Right - a local guy with Shisha below the Emir. Shisha is that big pipe on the ground, kinda like a big bong with a long hose. They lie around at a cafe or have it the table after dinner. Mostly they smoke flavored tobacco, cinnamon or apple. The picture behind him is a common site in banks, hotels, resturants, almost everywhere, he is the head of the state.

Souq Waqif. An amazing local market selling dried fuit and nuts as well as lots of local perfume, material, cooking stuff and heaps more!! Love this place.

Sunday, July 02, 2006



A very Mexican weekend

Had a great weekend! Thursday night Bec and I went to our friends place and had some drinks then went out to Paloma’s which is a Mexican restaurant in the Intercontinental hotel that turns into a sort of night club. A little dodge though and didn’t want to look at anyone as they totally get the wrong idea!
Spent Friday doing a little recovering and went out to collect supplies for the house warming party that night, also Mexican themed. We drank tequila and Coronas and ate tacos and corn chips. Sing Star was out and featured many a talented voice, thank god (or should I say Allah) for the alcohol and therefore a slightly dulled sense of hearing. Saturday Ellen and I spent most of the afternoon lazing buy the pool and ordering cold ice tea from the comfort of our sunny lounges, tough life. Continuing with the Mexican theme, and the inability to do anything for ourselves this weekend, went back to Paloma’s for Fajitas, more corn chips and an evening of soccer on the big screen.

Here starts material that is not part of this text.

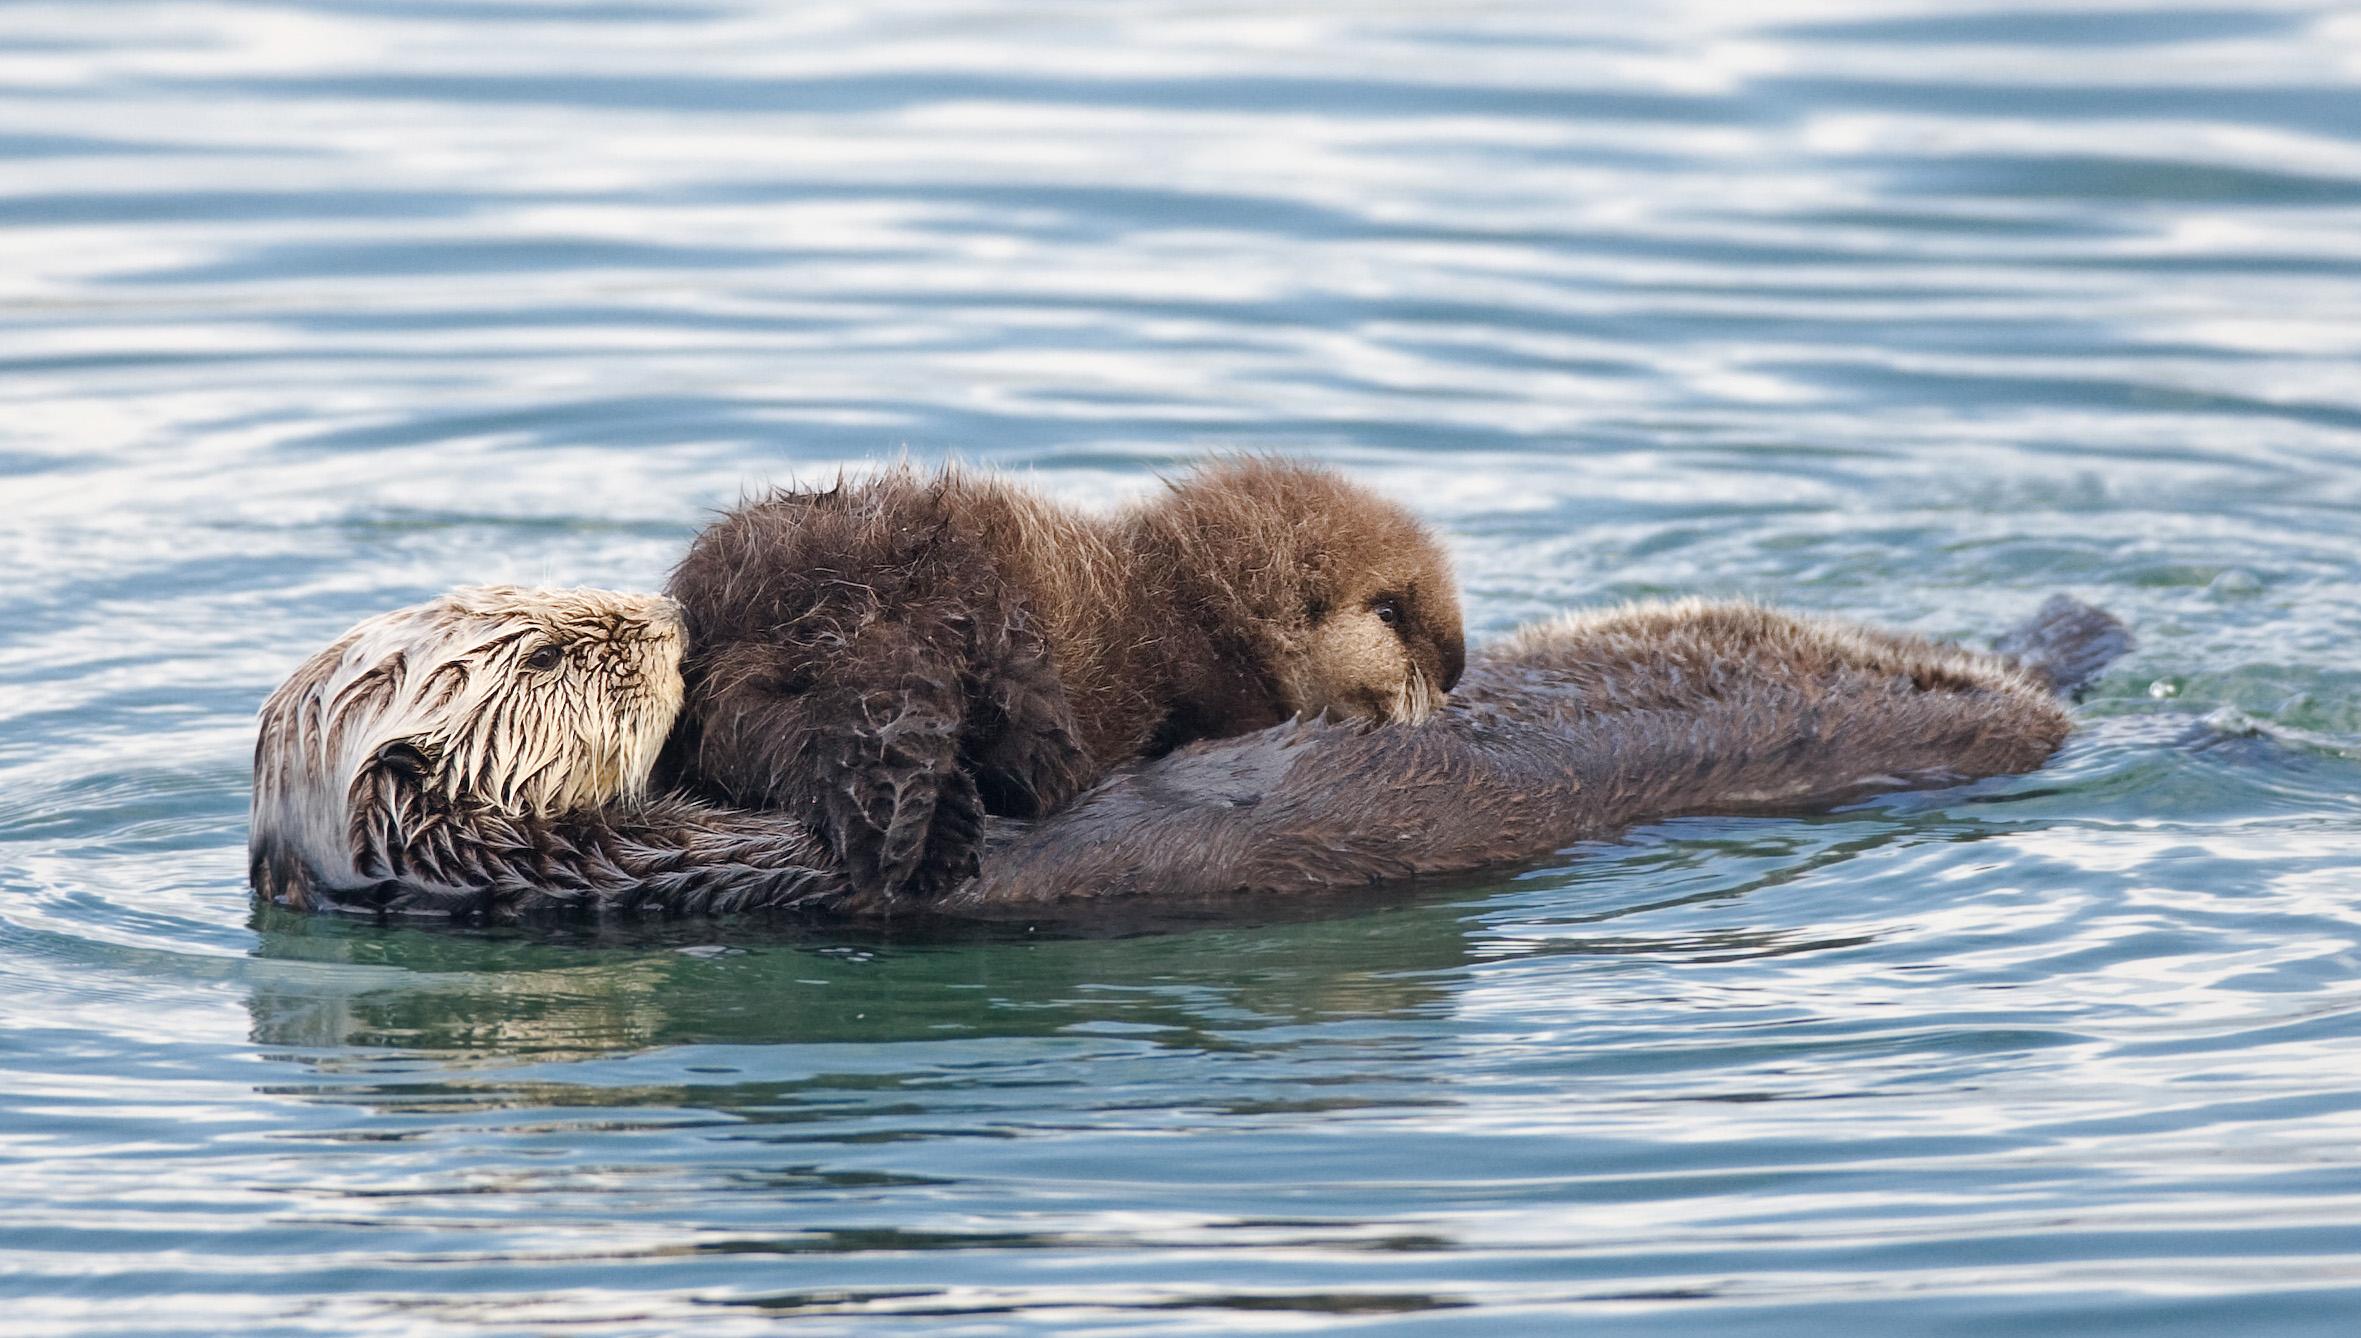 super otter photos image

We went out for dinner with a whole group of people. I ordered something I can’t even pronounce let alone spell so I won’t bother, but basically I was told meat with some yogurt. Some being the operative word here. However on receipt of my meal I discovered in fact that it was yogurt with meat (little chucks).
Eating is interesting here, no need to order starters, the portions are large and there is so much food brought out complimentary it’s not funny.

The pic is of Mary and Jess eating their yogurt and meat along with all the other accompaniments. Most restaurants bring out a selection of olives, pickled vegetables, a plate with whole lettuce, tomato, cucumber, capsicum and radishes, then, large baskets of hot flat bread which they exchange for new ones before you have a chance to finish the first. It’s crazy, cheap too.